In a second round of dialogue, the user inputs the content 520 “Tell me what you know about film A” in the dialogue interface. In response to the content 520, the image processing system generates the target image 532 and the explanation data thereof “I have generated an image about film A, you can find it at images/bbb.png. Regarding your question, film A is a science fiction movie about the battles and adventures of the forces in the galaxy.” using the method 300 of the embodiments of the present disclosure. The combination of the target image 532 and the explanation data thereof is used as the response 530 to the user input content 520.
In the third round of dialogue, the user inputs the content 540 “Change the background of the image of film A that you just generated into a starry sky” in the dialogue interface. In response to the content 540, the image processing system generates the target image 552 and the explanation data thereof “I have changed the background of the image of film A into a starry sky using an image editing tool, and the path of the new image is image/ccc.png.” using the method 300 of the embodiments of the present disclosure. The combination of the target image 552 and the explanation data thereof is used as the response 550 to the user input content 540.
In the fourth round of dialogue, the user inputs the content 560 “Make the whole image more colorful” in the dialogue interface. In response to the content 560, the image processing system generates the target image 572 and the explanation data thereof “The image has been made more colorful using an image editing tool, and the path of the new image is image/ddd.png.” using the method 300 of the embodiments of the present disclosure. The combination of the target image 572 and the explanation data thereof is used as the response 570 to the user input content 560.
In the fifth round of the dialogue, the user inputs the content 580 in the dialogue interface “No, I mean make the image of film A more colorful”. In response to the content 580, the image processing system generates the target image 592 and the explanation data thereof “Okay, the film A image has been made more colorful using an image editing tool, and the path of the new image is image/eee.png.” using the method 300 of the embodiments of the present disclosure. The combination of the target image 592 and the explanation data thereof is used as the response 590 to the user input content 580.
According to embodiments of the present disclosure, the image processing system can carry out multiple rounds of interaction with the user without limiting the number of rounds, and continuously guide the user to express complete and precise real requirement during the interaction, and gradually approach the ideal result that satisfies the user's requirement in multiple steps, by which both the image generating task and the image editing task can be completed, and the universality of the AI image creation application is significantly improved.

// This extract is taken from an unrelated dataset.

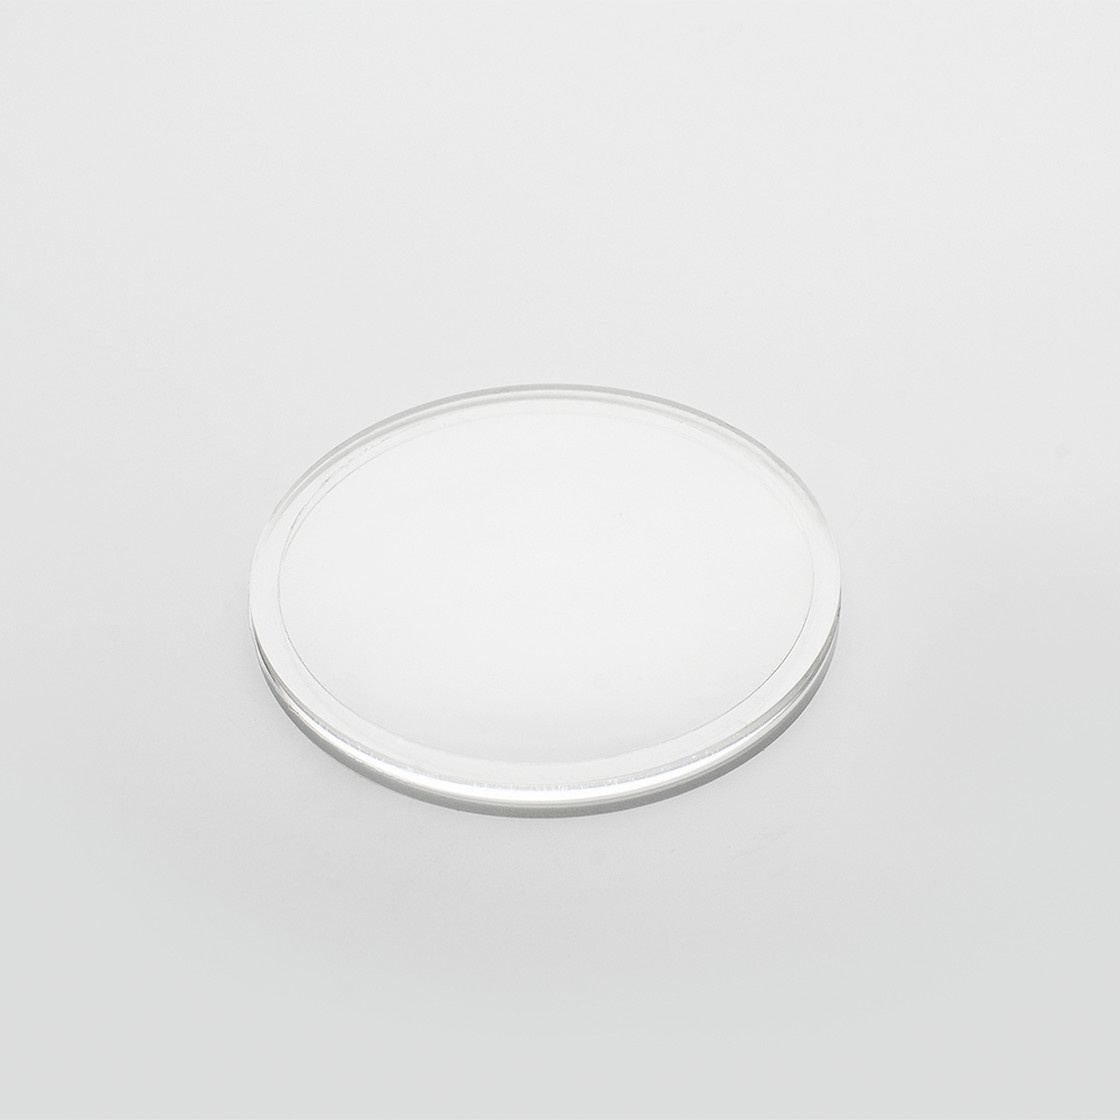 Lentille en verre acrylique Ø 34,5 mm, f +225 mm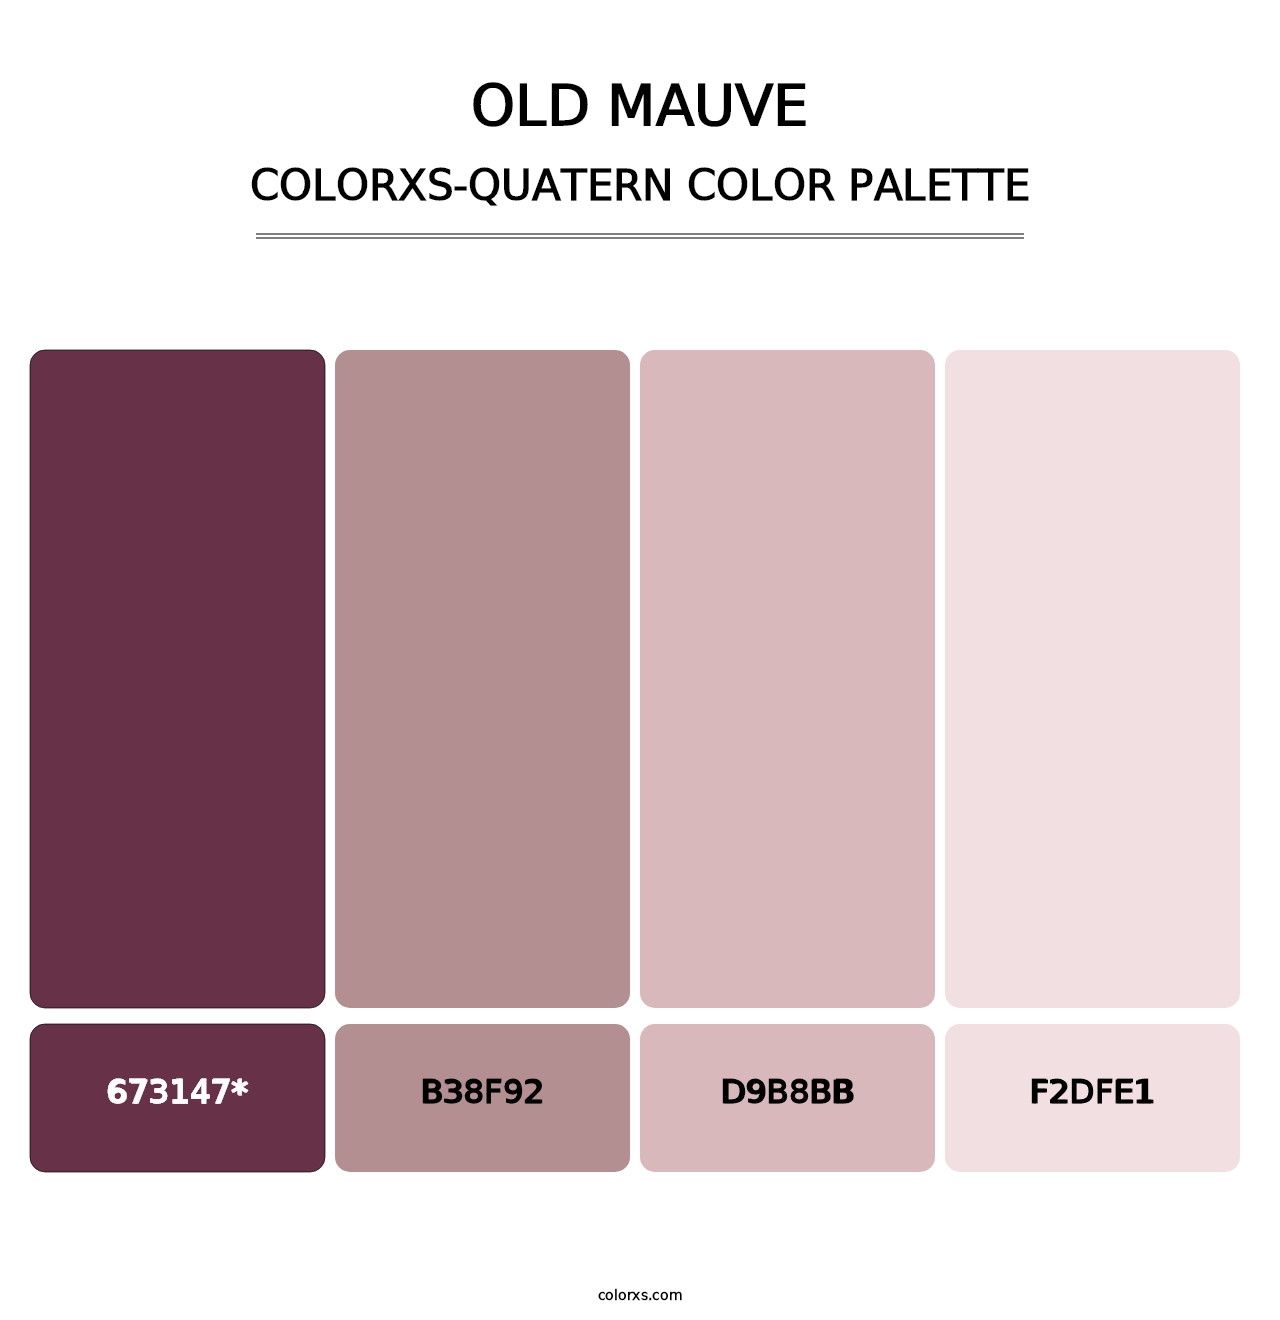 Old Mauve - Colorxs Quatern Palette

The image processing system according to the embodiments of the present disclosure uses the capabilities of the large language model, and does not require the user to perform specific learning, the user can communicate with the system using natural language, which greatly reduces the usage barrier of AI image creation.
In each step or module that uses a large language model, the effect of using the large language model may be further improved by means of prompt optimization, in-context (context examples) learning, etc. For example, the large language model may be first called without using context examples, and the processing effect of the large language model on each type of task is evaluated. Context examples may be constructed for the type of task with poor effect to improve the processing effect of the large language model on the type of task.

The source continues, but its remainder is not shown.